Quando calculavam toda a matéria prevista para existir nas galáxias, quase metade dela simplesmente… desaparecia.

Ela não estava nas estrelas.

Nem nos planetas.

Nem nas nebulosas.

Hoje acredita-se que boa parte dessa matéria “perdida” esteja justamente no meio circungaláctico.

Mapear essa região poderá responder algumas das maiores perguntas da astrofísica.


⭐ Como nascem novas estrelas

O gás presente no CGM funciona como um gigantesco reservatório que alimenta continuamente as galáxias.

Sem esse combustível, novas estrelas deixariam de nascer.

Compreender esse ciclo significa entender como sistemas como a Via Láctea continuam produzindo estrelas bilhões de anos após sua formação.


🌌 Como as galáxias evoluem

As explosões de supernovas e os buracos negros supermassivos lançam enormes quantidades de matéria para fora das galáxias.

Parte desse material retorna posteriormente.

Outra parte escapa para o espaço intergaláctico.

A missão Ardua pretende observar esse verdadeiro “ciclo de reciclagem cósmica”, mostrando como gás entra, sai e retorna às galáxias ao longo de bilhões de anos.


🌠 Onde está a matéria “desaparecida” do Universo?

O chamado Problema dos Bárions Perdidos é um dos grandes desafios da cosmologia moderna.

Os modelos indicam que deveria existir muito mais matéria comum (prótons, nêutrons e elétrons) do que conseguimos detectar diretamente.

Diversos estudos recentes sugerem que boa parte dela está justamente distribuída no CGM, aquecida a milhões de graus e extremamente difícil de observar.


Como a Ardua fará isso?

O diferencial da missão está na combinação de dois tipos de observação.

Espectroscopia no ultravioleta

Permitirá identificar gases relativamente frios e ionizados, revelando sua composição química, densidade e velocidade.

Microcalorímetro em raios X

Baseado em tecnologias derivadas do conceito LEM (Line Emission Mapper), será capaz de detectar o gás extremamente quente que atualmente permanece praticamente invisível.

Juntos, esses instrumentos permitirão construir um verdadeiro mapa do fluxo de matéria ao redor das galáxias.

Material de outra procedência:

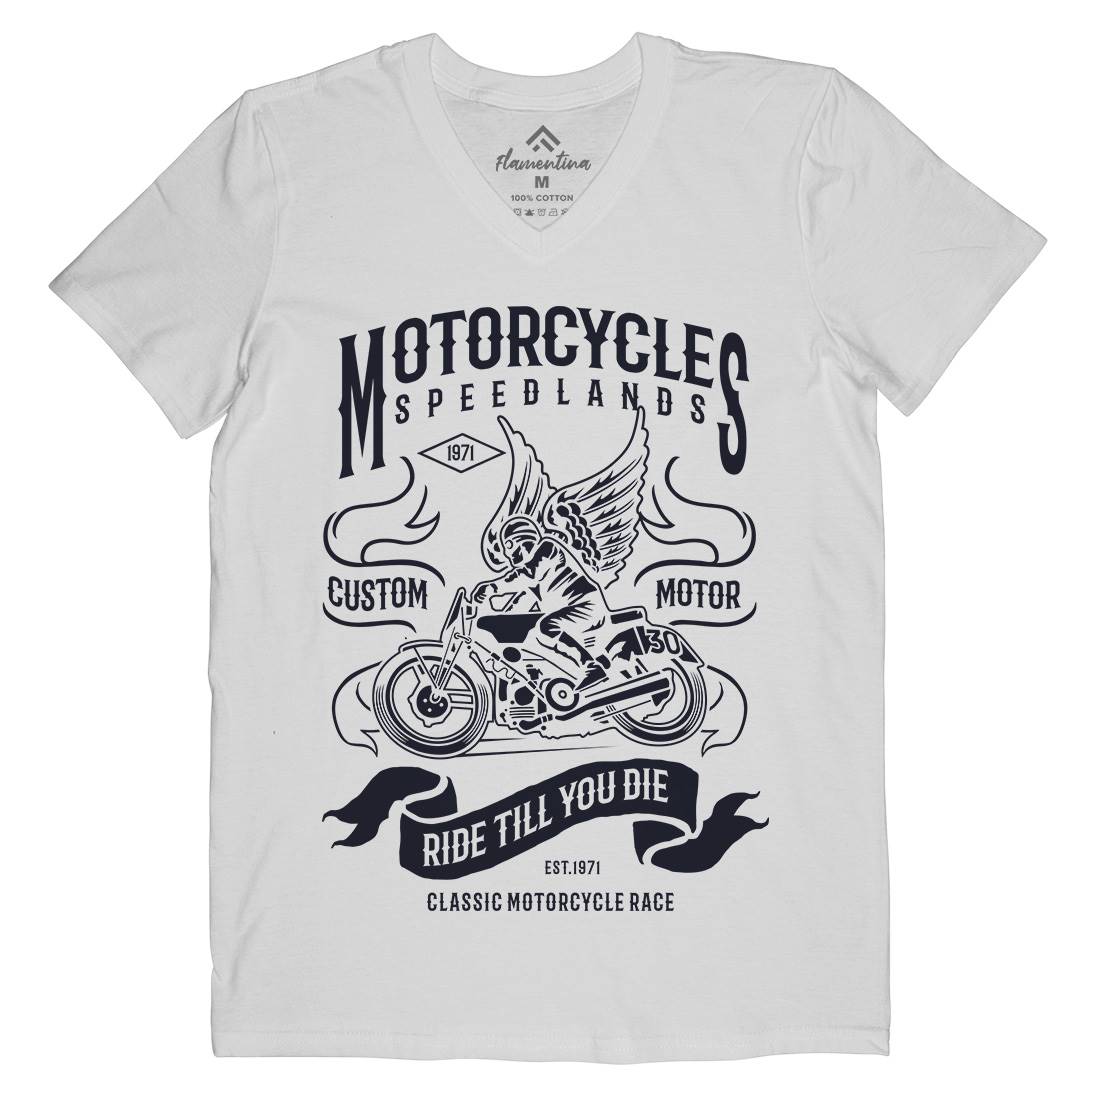 Speed Lands Mens V-Neck T-Shirt Motorcycles B232

Uma missão para a próxima geração da astronomia

Segundo os pesquisadores, nenhuma missão atualmente em operação ou aprovada possui capacidade equivalente para observar simultaneamente o CGM em ultravioleta e raios X com ampla cobertura espacial.

Além do estudo do meio circungaláctico, a Ardua também poderá contribuir para pesquisas sobre:

  • evolução das galáxias;
  • meio intergaláctico;
  • formação de estrelas;
  • ambientes ao redor de sistemas planetários;
  • física do gás quente no Universo.

Ainda não foi aprovada

É importante destacar que a Ardua não é uma missão confirmada.

Ela é uma proposta científica apresentada à NASA e deverá competir com outros conceitos para integrar futuras prioridades da agência espacial.

Caso seja selecionada, poderá representar um dos maiores avanços na compreensão da formação e evolução das galáxias desde os telescópios Hubble e James Webb.


Um novo olhar para o Universo invisível

Durante décadas, os telescópios espaciais concentraram seus esforços em observar estrelas, nebulosas, galáxias e planetas.

A Ardua pretende olhar justamente para aquilo que quase ninguém consegue ver: o gigantesco oceano de gás que conecta esses objetos.

Se essa missão sair do papel, talvez descubramos que o verdadeiro motor da evolução das galáxias nunca esteve nas estrelas, mas sim na imensa estrutura invisível que sempre esteve ao redor delas.